Rule 2.110 Admission Without Examination
(1) Any person who has been admitted to the highest court of the District of Columbia or some sister state and who had been engaged in the active practice of the law for five of the seven years next preceding his application may be admitted to the bar of this state without examination provided that the qualifications required for admission to the bar in such district or state were, at the time of *324his admission, equal to or higher than those for admission to the bar examination in the State of Kentucky at that time. Active engagement in the teaching of the law shall be considered active engagement in the practice of the law.
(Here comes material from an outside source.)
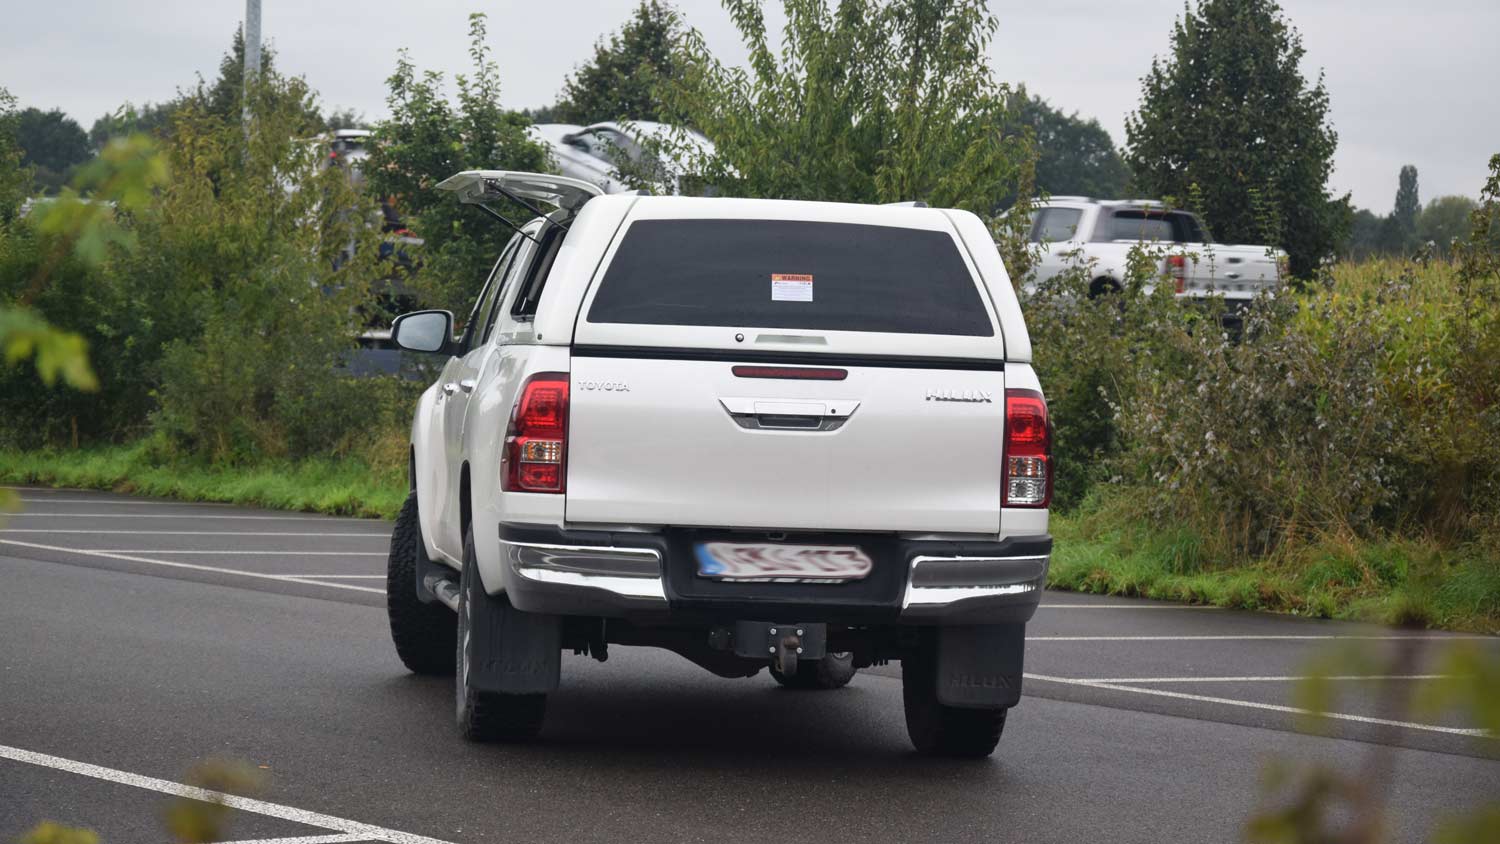 Force Pro Plus Canopy on Toyota Hilux 2016 rear view
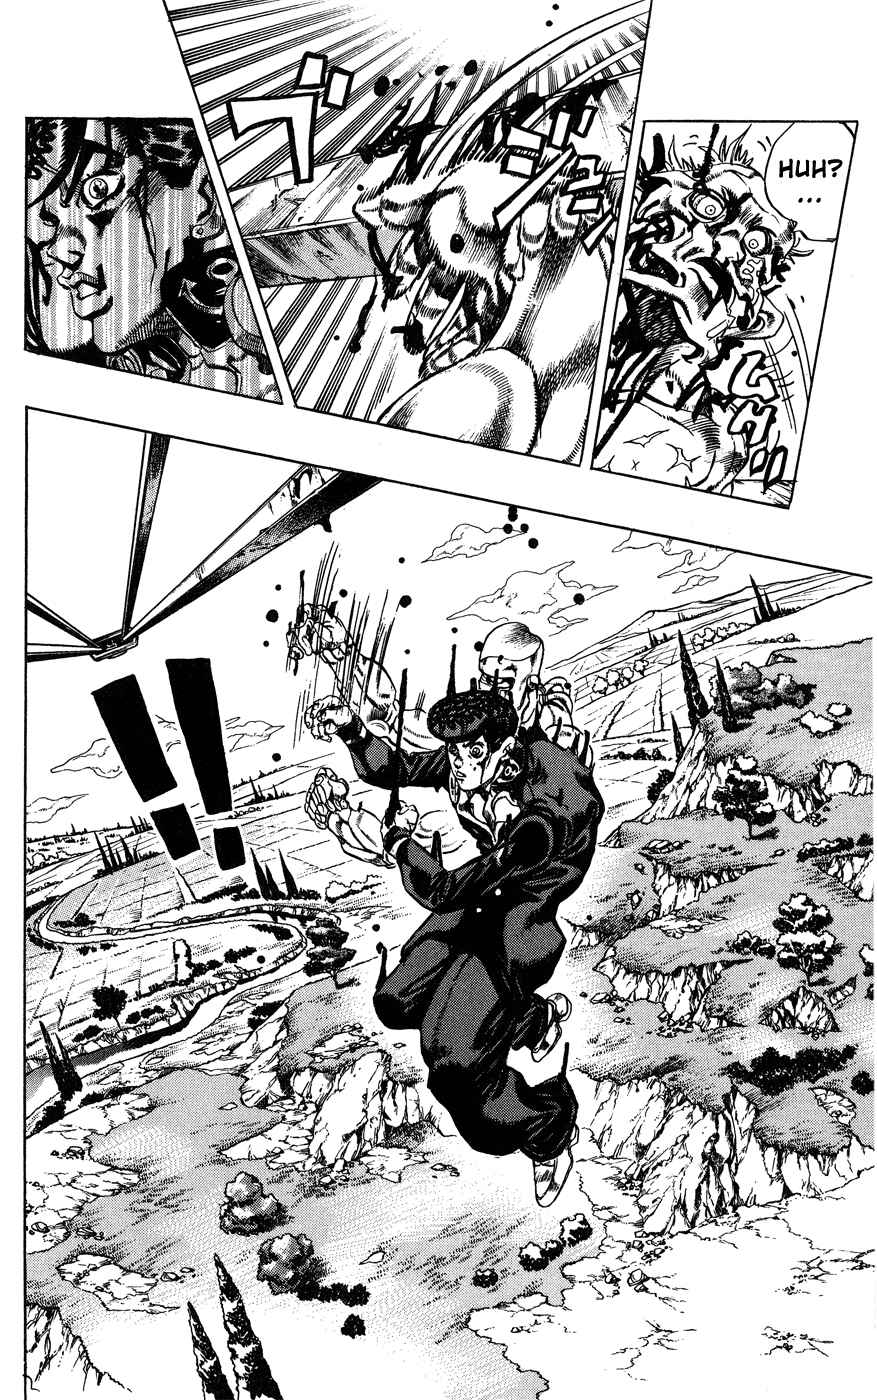 JoJo's Bizarre Adventure Part 4 Diamond is Unbreakable Vol. 15 Ch. 138 Who Wants to Live on a Transmission Tower? Part 6

(2) An attorney applying for admission under this Rule shall file with the Clerk of the Supreme Court, on the form provided for application for admission, such information as shall be requested thereon together with a fee of four hundred dollars ($400.00), no" part of which shall be returned. The Clerk shall forward the application to the Chairman of the Character and Fitness Committee. An applicant shall file with the Character and Fitness Committee such other affidavits or materials as shall be required to satisfy the Committee of the applicant’s moral character and fitness to be a member of the Bar of this state. With respect to character and fitness, the Character and Fitness Committee shall process such applications pursuant to Rule 2.040.
(3) In addition to the fee above described, an attorney applying for admission under this Rule shall pay all investigative fees, reporting fees or other expenses required and assessed by the Character and Fitness Committee, including but not limited to the fee paid to the National Conference of Bar Examiners.
NEW SECTION
(4) Admission under this section shall be conditioned as follows: (a) Applicant shall file with said application for admission a statement that he intends to engage in the practice of law in Kentucky and that applicant agrees to abide by the rules, duties and standards imposed upon attorneys of this state by the Rules of the Supreme Court of Kentucky; (b) Applicant must further file proof that the district or state from which applicant applies and in which he performs the major portion of his professional activities has rules or other provisions providing for admission without examination and by reciprocity or comity which are at least equivalent to SCR 2.110 and all other pertinent rules of this jurisdiction.
The action of the respondent Character and Fitness Committee of the Kentucky Board of Bar Examiners was proper under the rules which existed at the time of application, and is hereby affirmed. However, when the amended rules become effective on January 1, 1988, the movant’s present application shall be reconsidered with no re-application necessary, and mov-ant shall be given credit for any fees previously paid and not refunded.
STEPHENS, C.J., and LAMBERT, LEIBSON and STEPHENSON, JJ., concur. WINTERSHEIMER, J., dissents, and files a separate dissenting opinion in which VANCE, J., joins.